▶ [Requirement]: Where a picture occurs in the data, omit it, and copy all remaining data exactly.

▶ [Material provided]:
—————
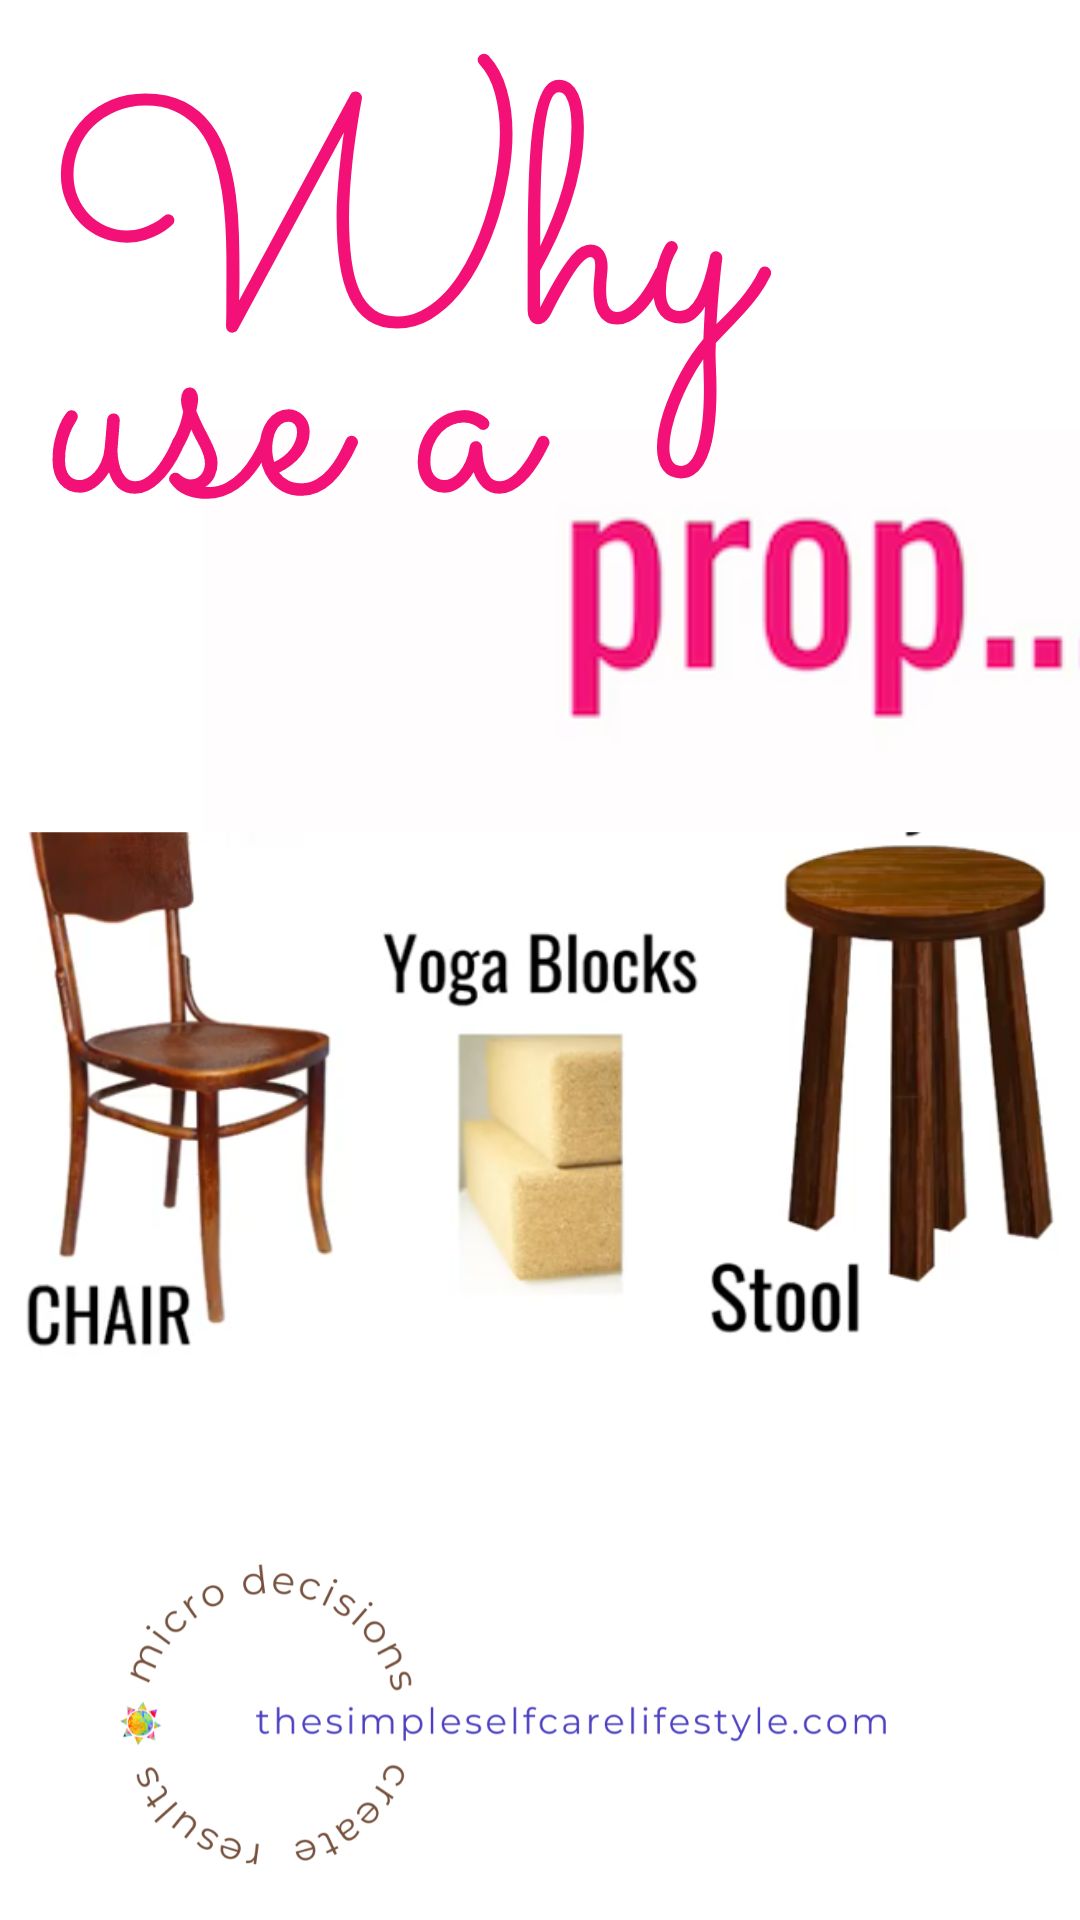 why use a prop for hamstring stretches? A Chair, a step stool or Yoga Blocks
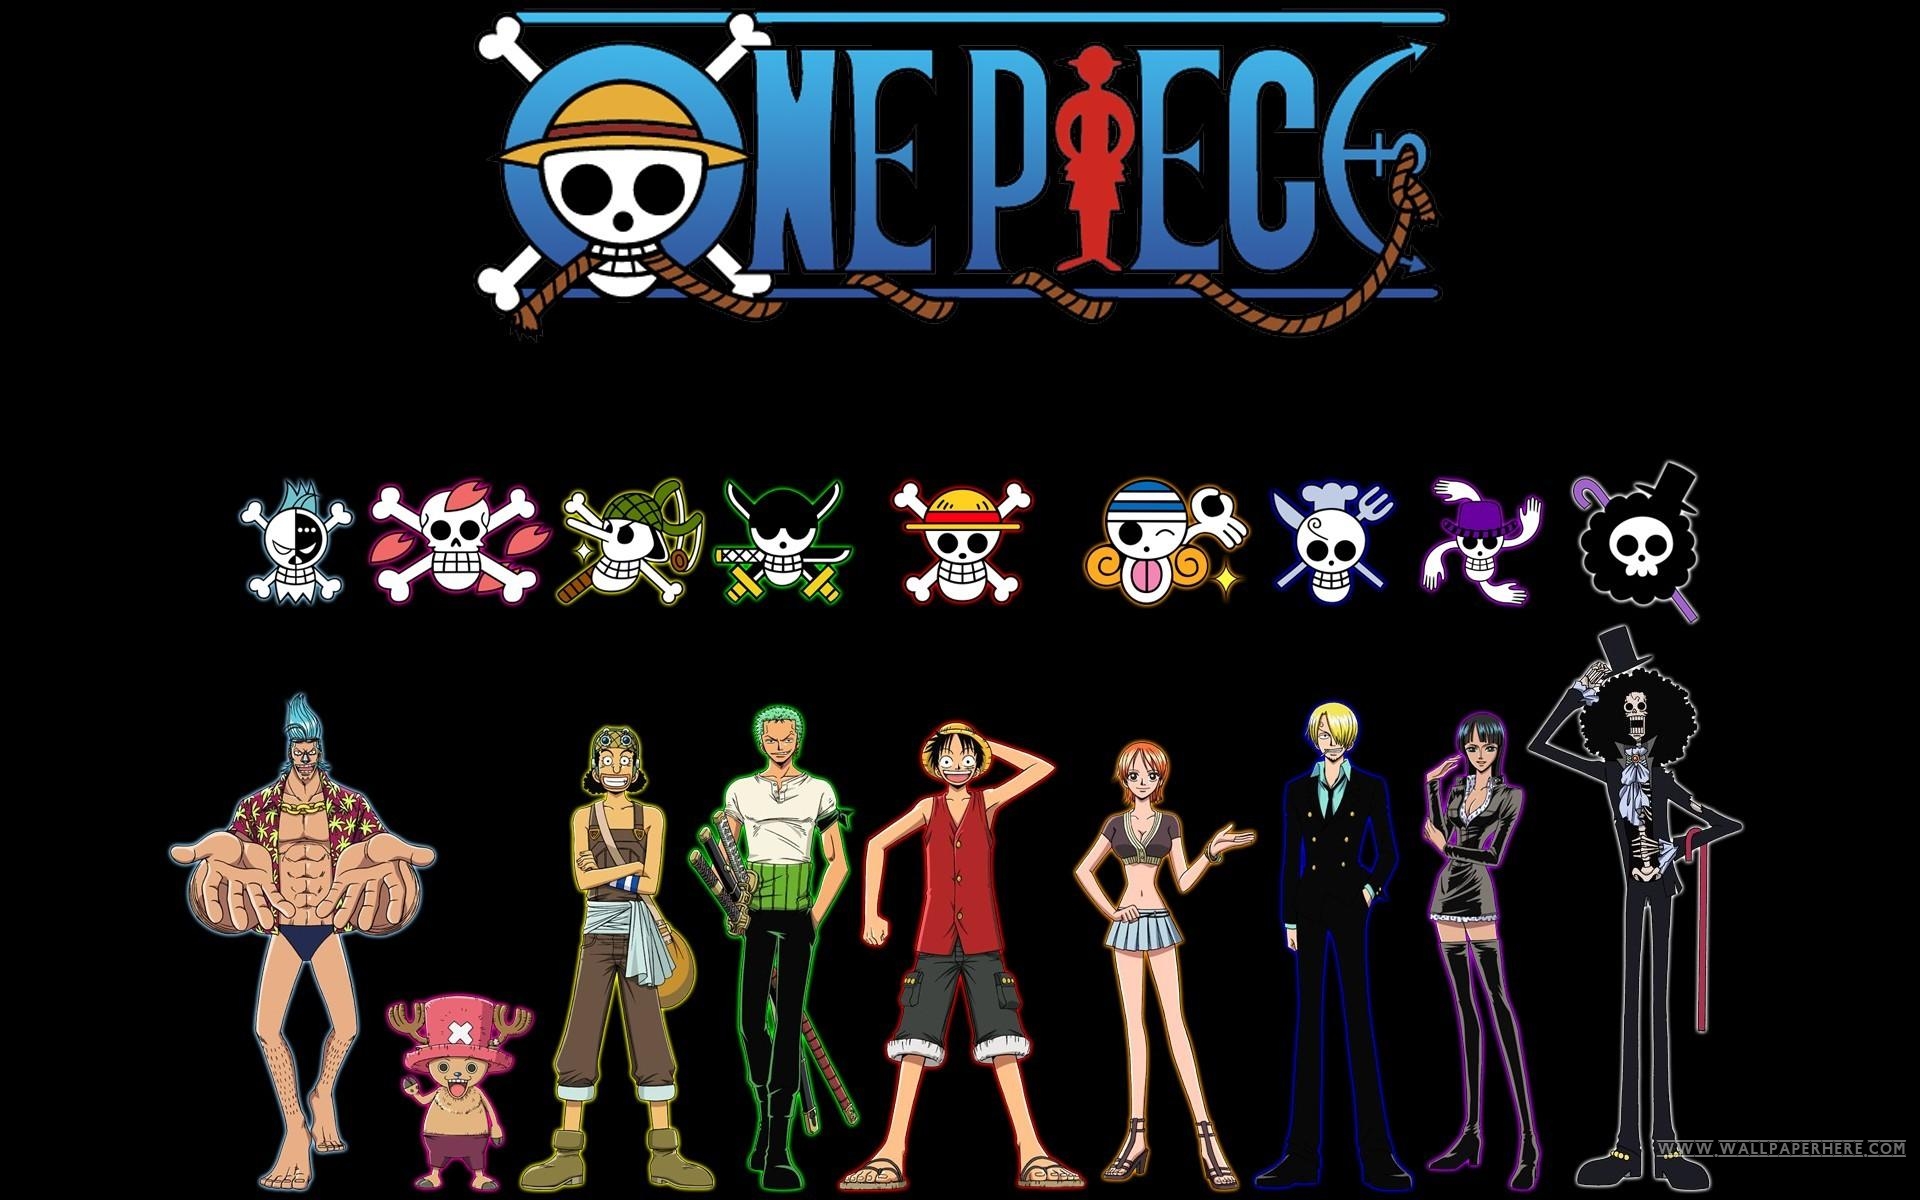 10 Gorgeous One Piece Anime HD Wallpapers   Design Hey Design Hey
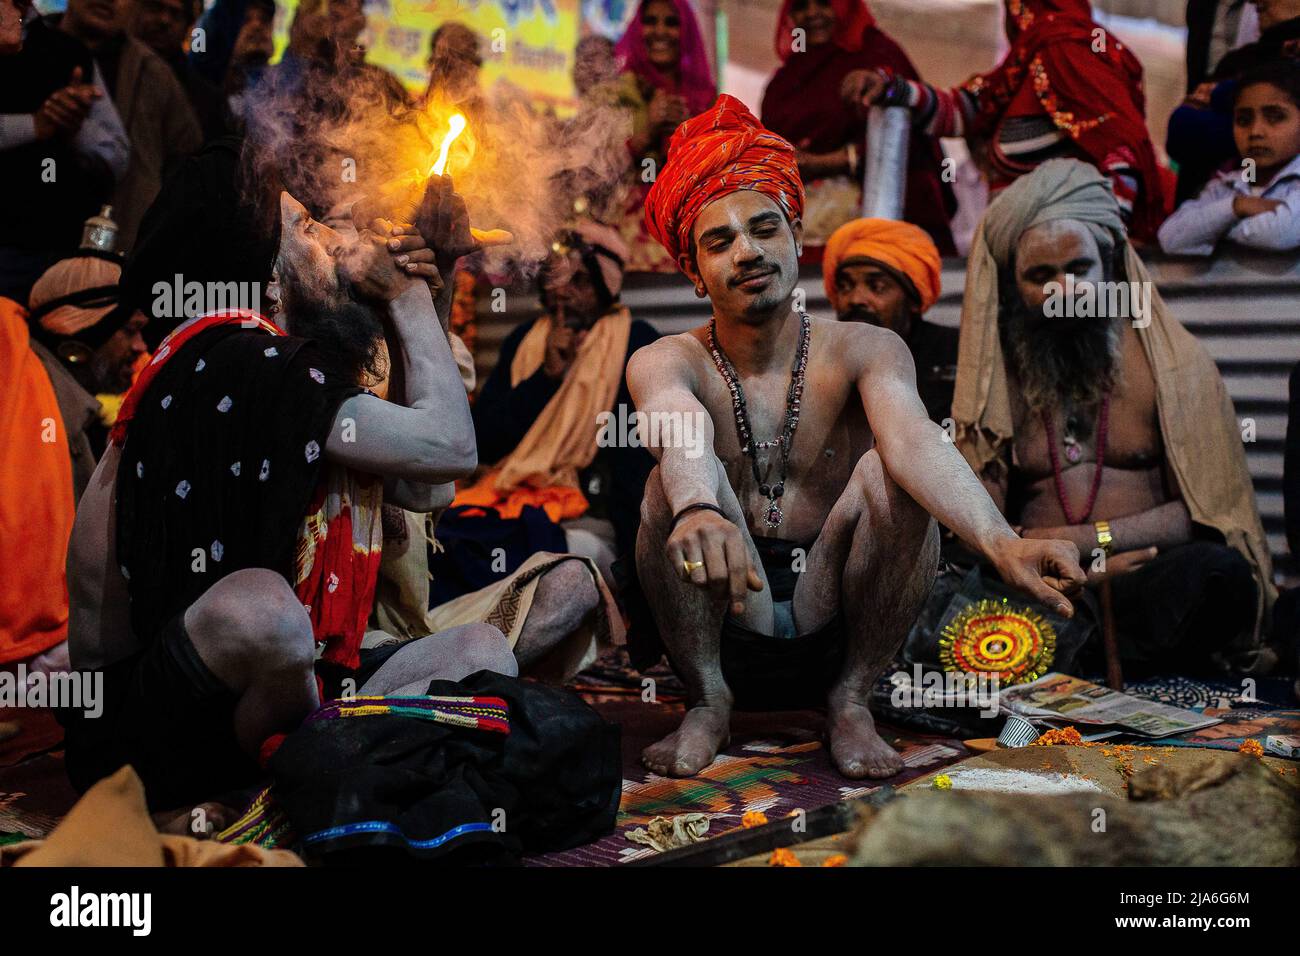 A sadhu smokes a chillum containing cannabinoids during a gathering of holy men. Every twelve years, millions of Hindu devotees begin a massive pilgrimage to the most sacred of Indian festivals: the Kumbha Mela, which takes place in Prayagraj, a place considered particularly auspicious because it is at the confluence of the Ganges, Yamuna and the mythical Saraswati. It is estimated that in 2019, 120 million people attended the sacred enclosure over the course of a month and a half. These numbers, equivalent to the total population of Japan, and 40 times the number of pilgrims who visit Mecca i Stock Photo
—————
▶ [Answer for the task]:
 why use a prop for hamstring stretches? A Chair, a step stool or Yoga Blocks
 10 Gorgeous One Piece Anime HD Wallpapers   Design Hey Design Hey
 A sadhu smokes a chillum containing cannabinoids during a gathering of holy men. Every twelve years, millions of Hindu devotees begin a massive pilgrimage to the most sacred of Indian festivals: the Kumbha Mela, which takes place in Prayagraj, a place considered particularly auspicious because it is at the confluence of the Ganges, Yamuna and the mythical Saraswati. It is estimated that in 2019, 120 million people attended the sacred enclosure over the course of a month and a half. These numbers, equivalent to the total population of Japan, and 40 times the number of pilgrims who visit Mecca i Stock Photo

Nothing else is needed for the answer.